Thursday, January 12, 2017

THROWBACK THURSDAY: Celebrating Stephen Foster

One of this nation's greatest songwriters, Stephen Foster, died 153 years ago tomorrow (Friday, Jan. 13, 1864).

His contributions to American song are almost too many to mention.

"Old Kentucky Home"
"Beautiful Dreamer"
"Camptown Races."

If you don't know these songs ... well, just keep reading,

Quoting myself here from  a 2004 Tune-up reviewing a disappointing Foster tribute album, fortified by a couple of other sources:

Though many of Foster’s best-known songs deal with the antebellum South, Foster was born near Pittsburgh, Pa. In 1826. 

He is recognized as America’s first professional songwriter. But despite writing some songs still being sung 150 years later, his final days were spent in poverty, alcoholism and despair. At the age of 37 he committed suicide by slashing his own throat. 

So that would make him the Kurt Cobain of his era. But before that, he was Elvis Presley. 

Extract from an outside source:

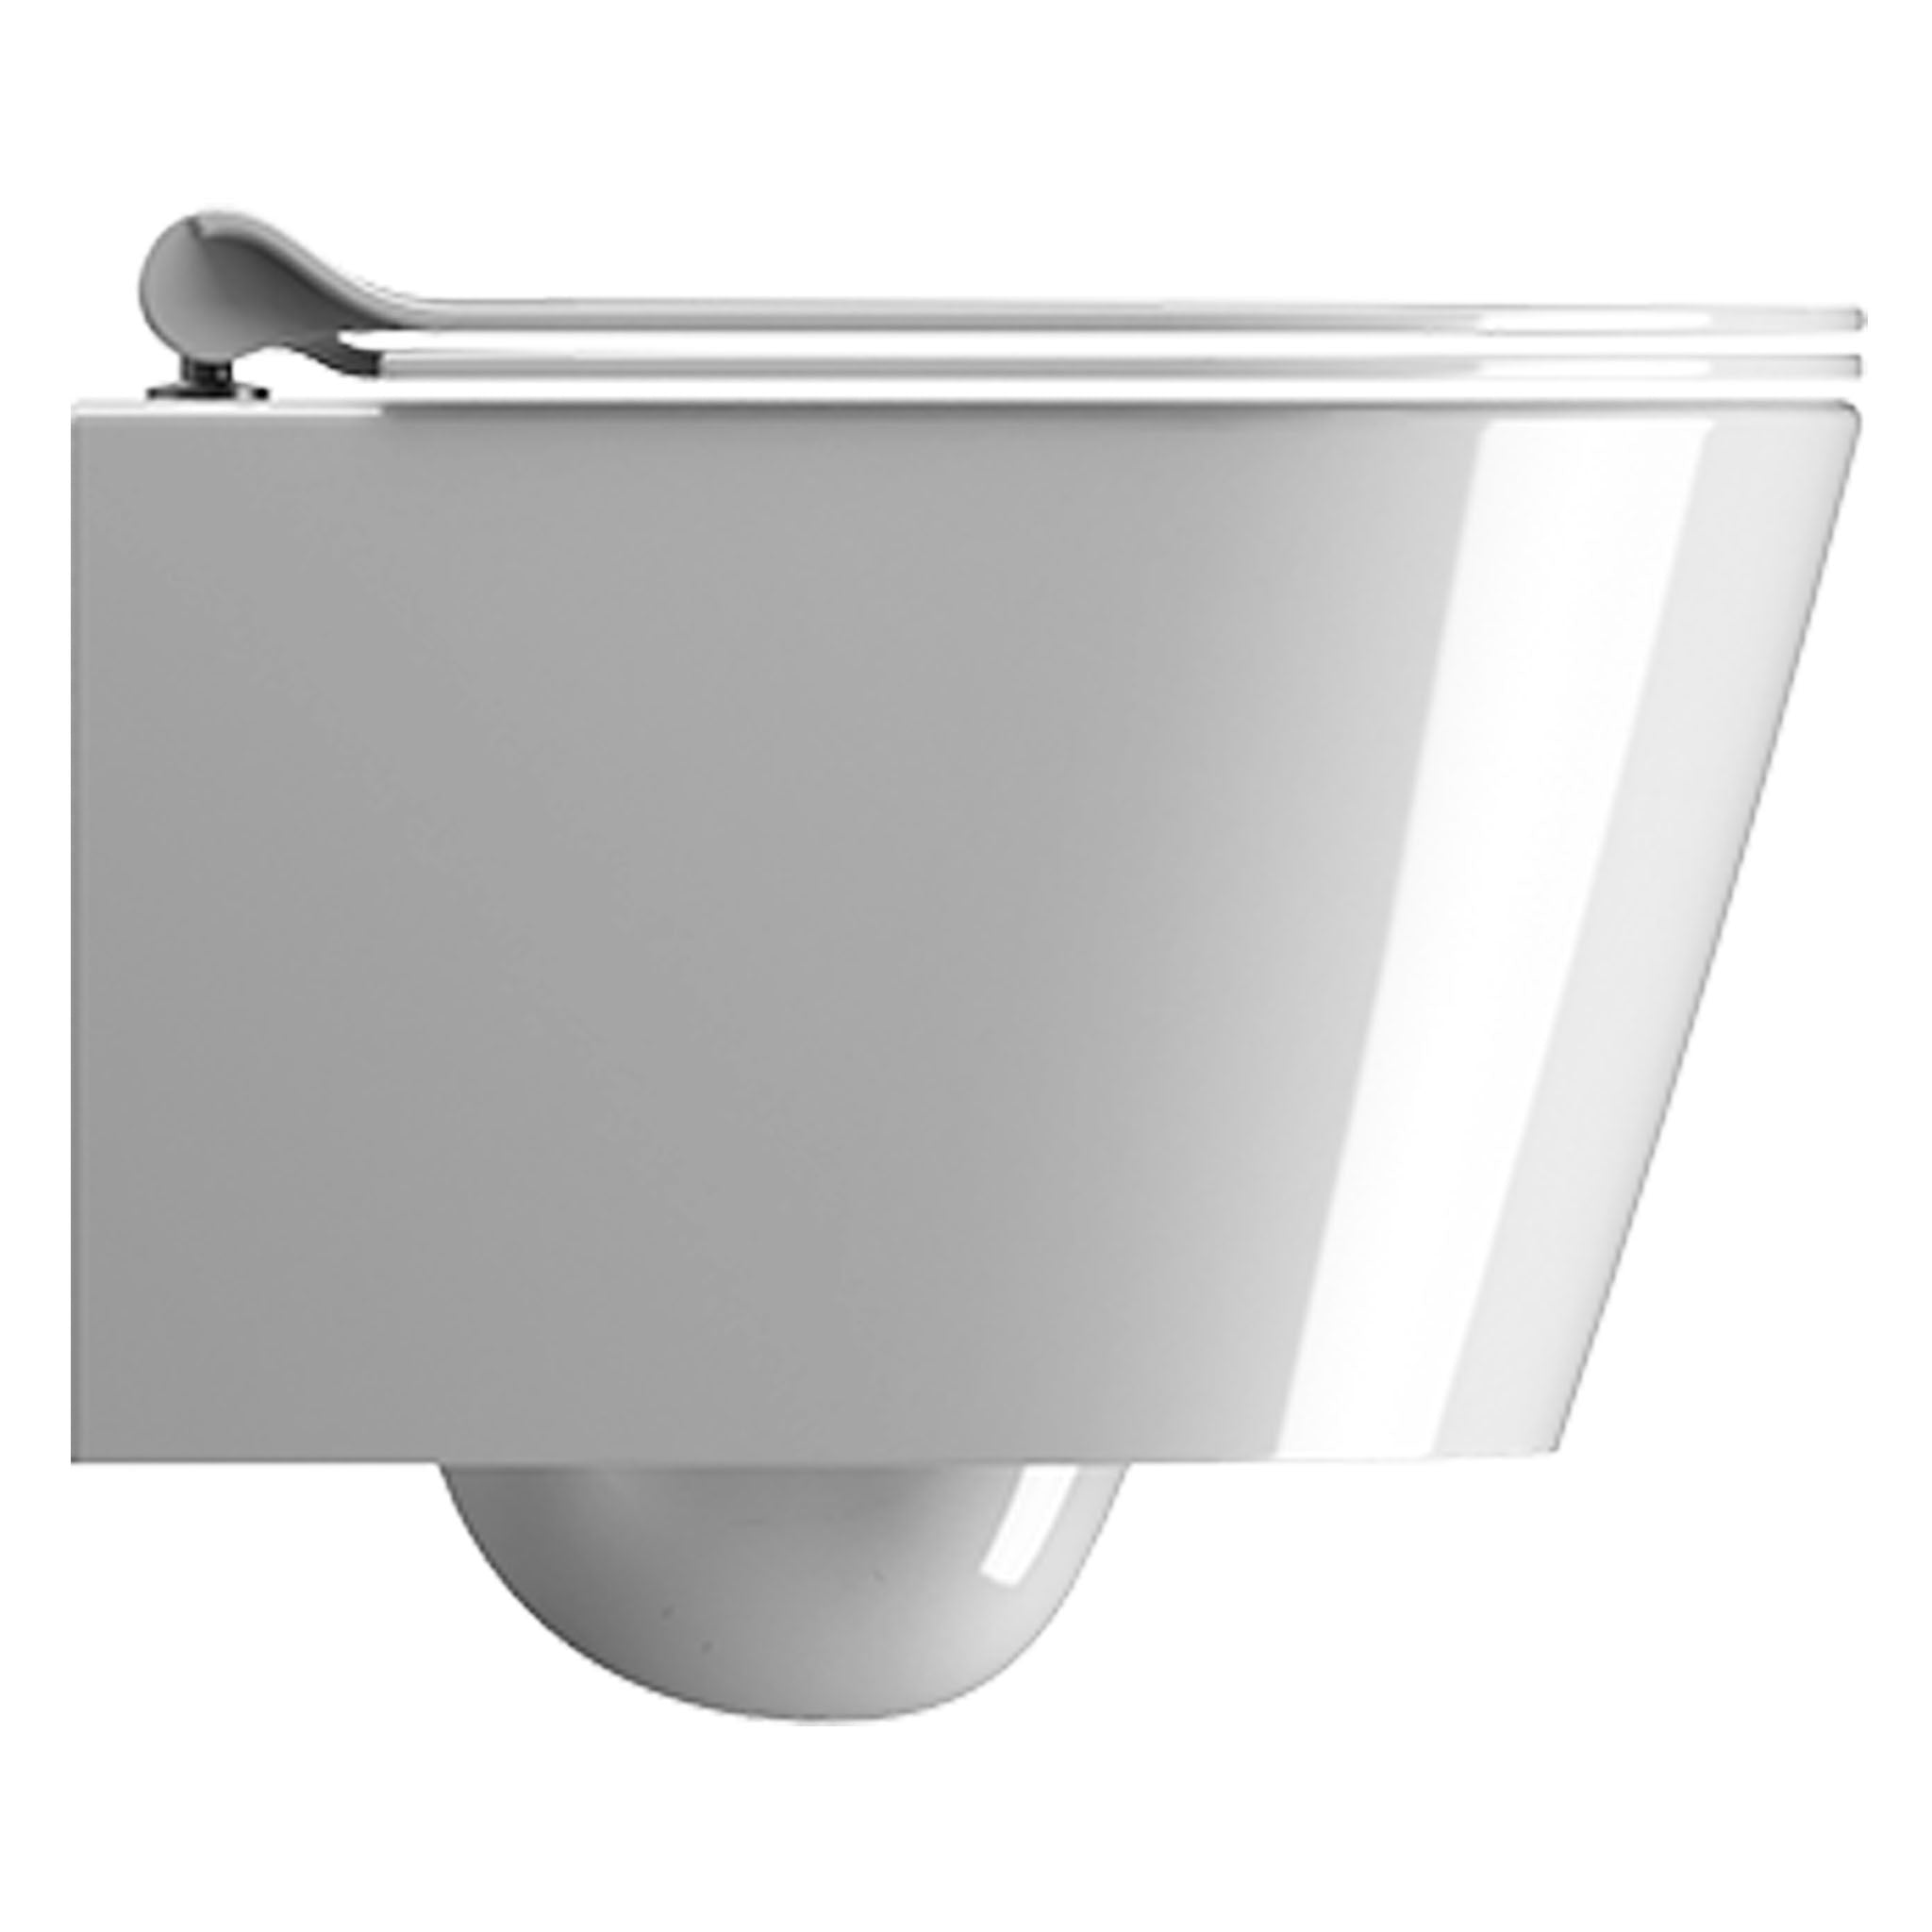 GSI Kube X 46/F Wall Hung WC Pan With Swirlflush (Without Seat)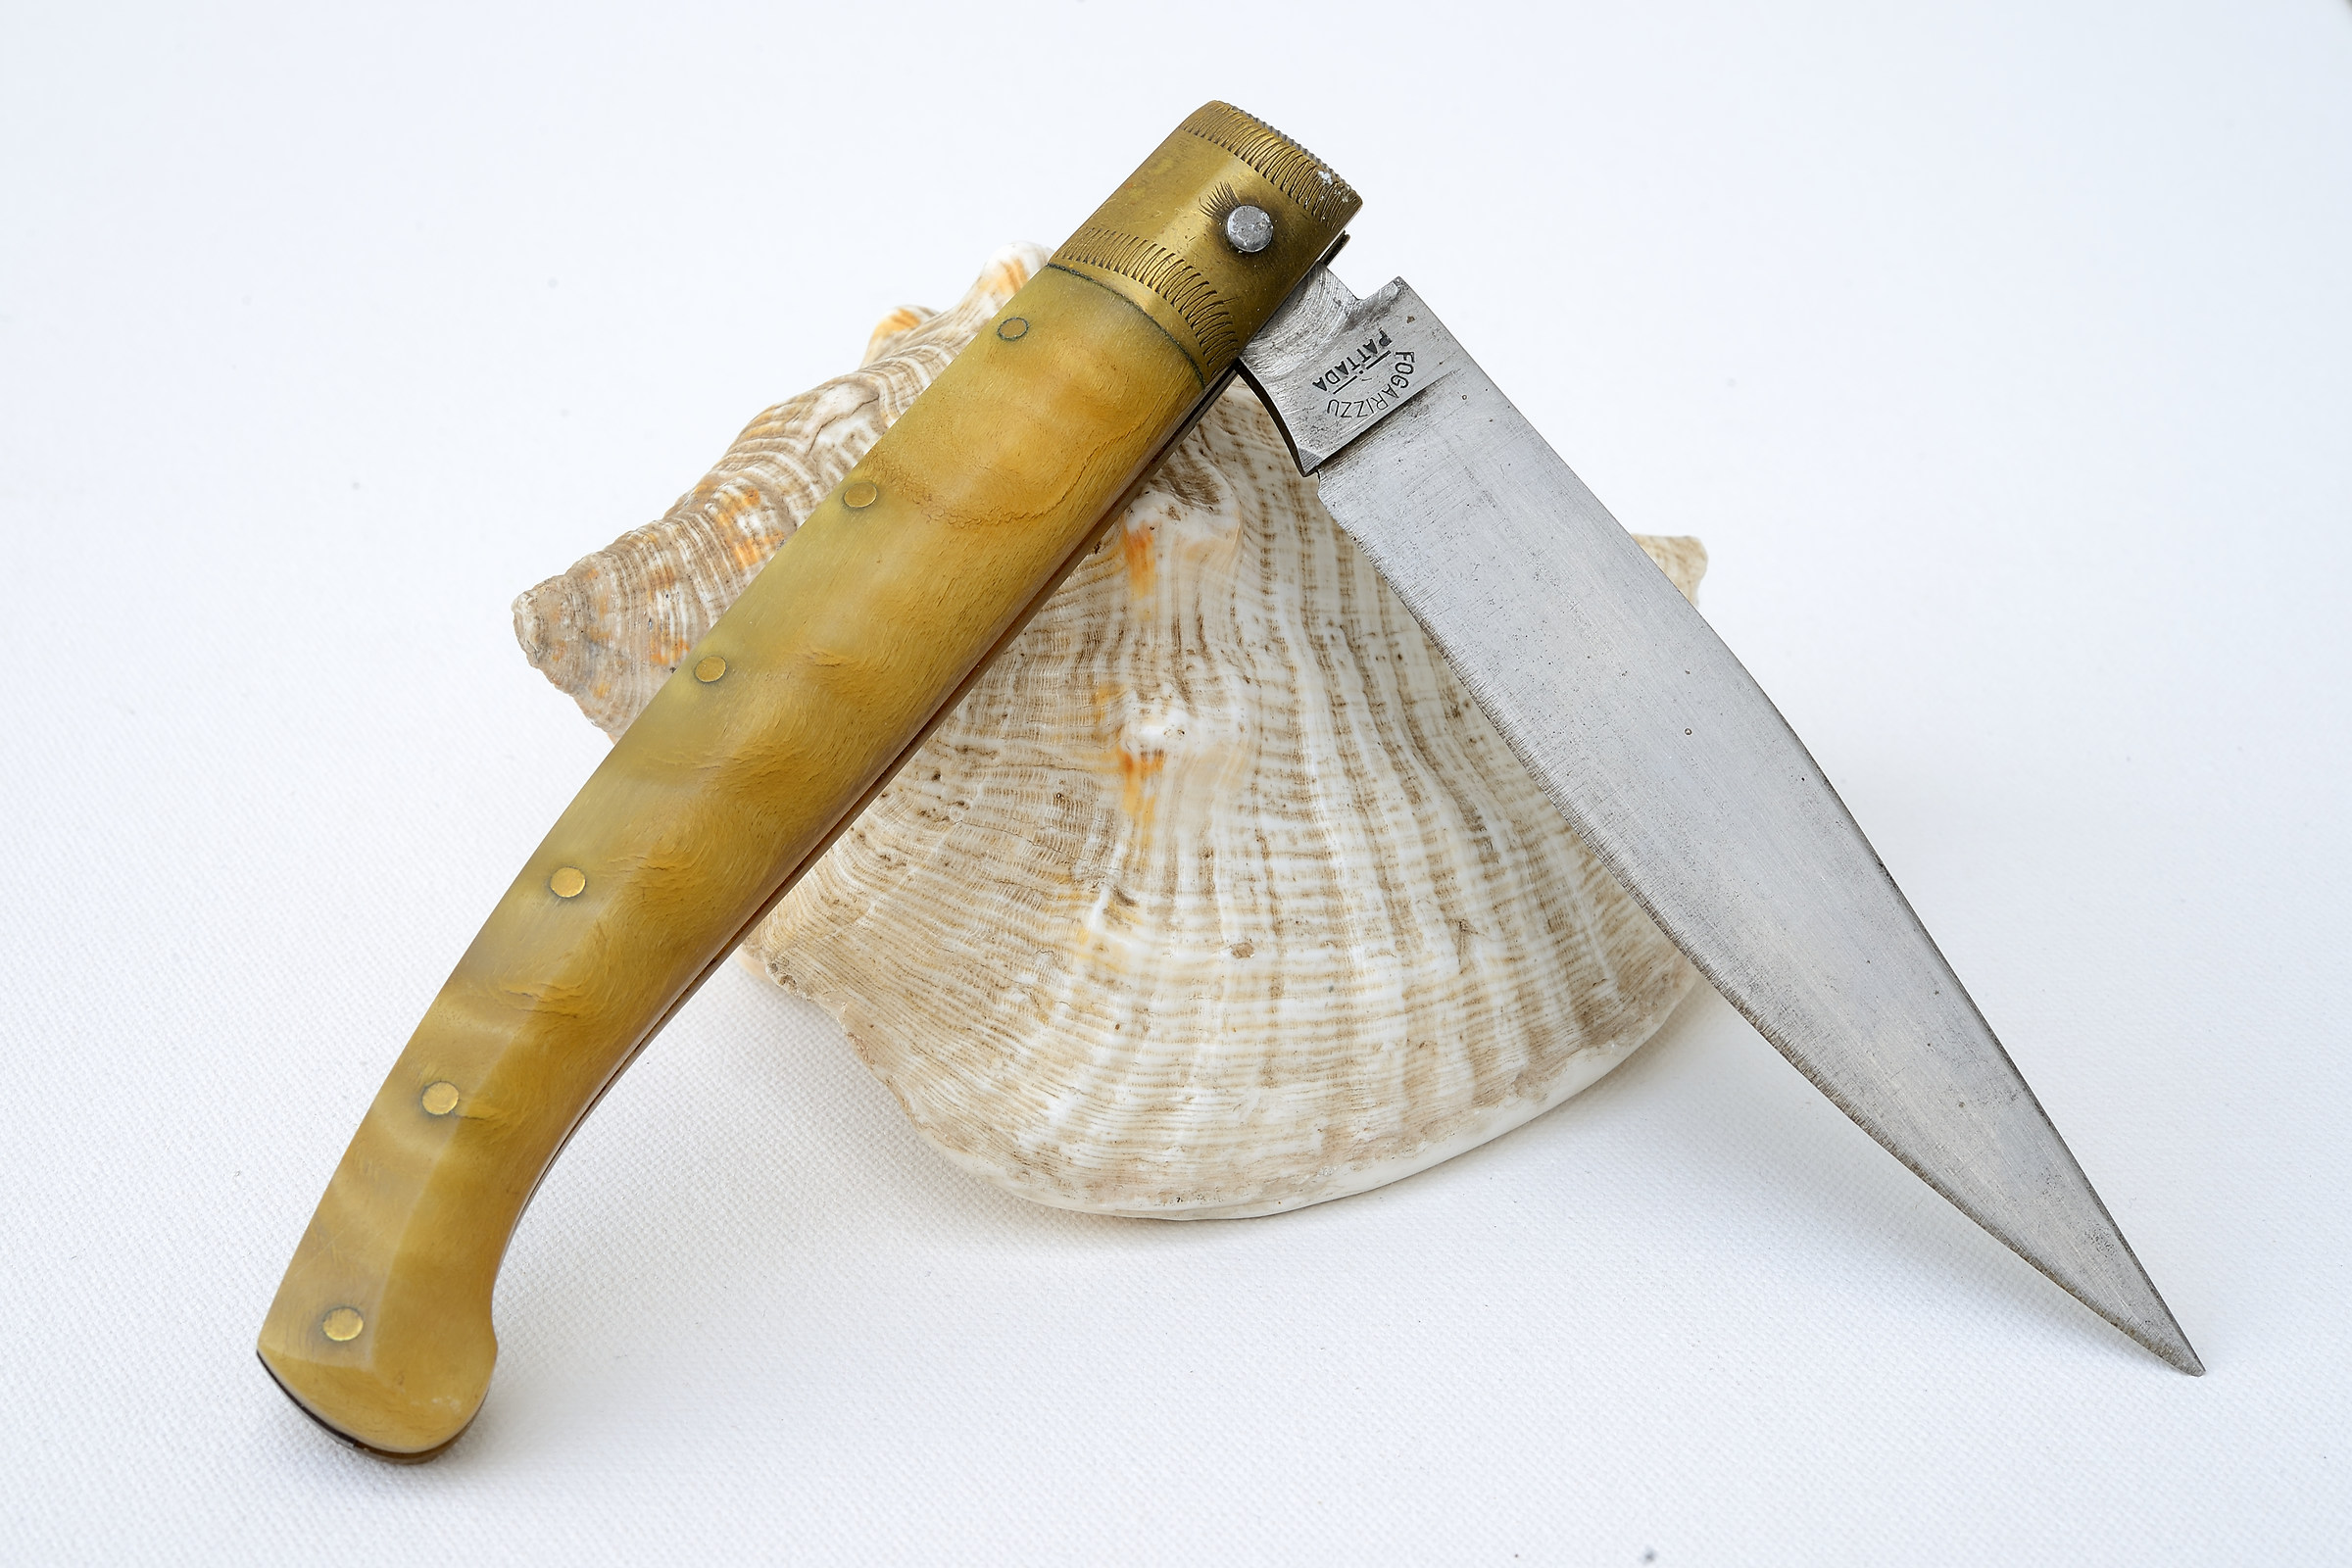 The Sardinian knife...

Elvis, Jerry Lee Lewis and those who loved them were drawn to the wild and mysterious music called rhythm & blues and mutated it in a new style called rock ‘n’ roll. Likewise, many white musicians in Foster’s era were drawn to the African-American music of their era, turning it into blackface minstrel music. [the tribute album] Beautiful Dreamer’s liner notes describes this music as “the rowdy, racist and first uniquely American form of popular entertainment.” 

Several music historians have noted the sociological similarities between rock and minstrelsy. 

Writer/historian Ken Emerson noted in a PBS documentary on Foster "... it goes all the way back to blackface and minstrelsy before the Civil War. And so in a way rock and roll led me to a long, tortuous path to Stephen Foster because that's where really this interplay and intermix of black and white culture that so defines American music to this day really began."

... Foster as a youth ate up the minstrel songs. While his songs were grounded in European styles, the minstrel element is what made Foster’s music unique and powerful. 

Despite his minstrel-show roots and demeaning racial slurs in some of the songs, Foster had the respect of black abolition leader Frederick Douglass. Said Fred:

"Considering the use that has been made of them, that we have allies in the Ethiopian songs... `Old Kentucky Home, and `Uncle Ned,' can make the heart sad as well as merry, and can call forth a tear as well as a smile. They awaken the sympathies for the slave, in which anti-slavery principles take root and flourish."

And later, W.C. Handy, the “Father of the Blues,” would write, “The well of sorrow from which Negro music is drawn is also a well of mystery....I suspect that Stephen Foster owed something to this well, this mystery, this sorrow.” 

Perhaps Roger Miller said it best in this long out-of-print song. "I think Stephen ws ahead of his time, that's all I've got to say."



And in their song "Wildebeest,” The Handsome Family sang of Foster's lonesome death in a flop-house on the Bowery. (“He smashed his head on the sink in the bitter fever of gin/A wildebeest gone crazy with thirst pulled down as he tried to drink”).



"And the oceans they feed the sky and the sky feeds the earth
And Stephen Foster’s beautiful ghost lay down to feed a song
To feed ten thousand songs echoing cross the wild plains ..."
And finally, The Squirrel Nut Zippers' wonderful tribute "Ghost of Stephen Foster." (Thanks John W. on Google Plus!)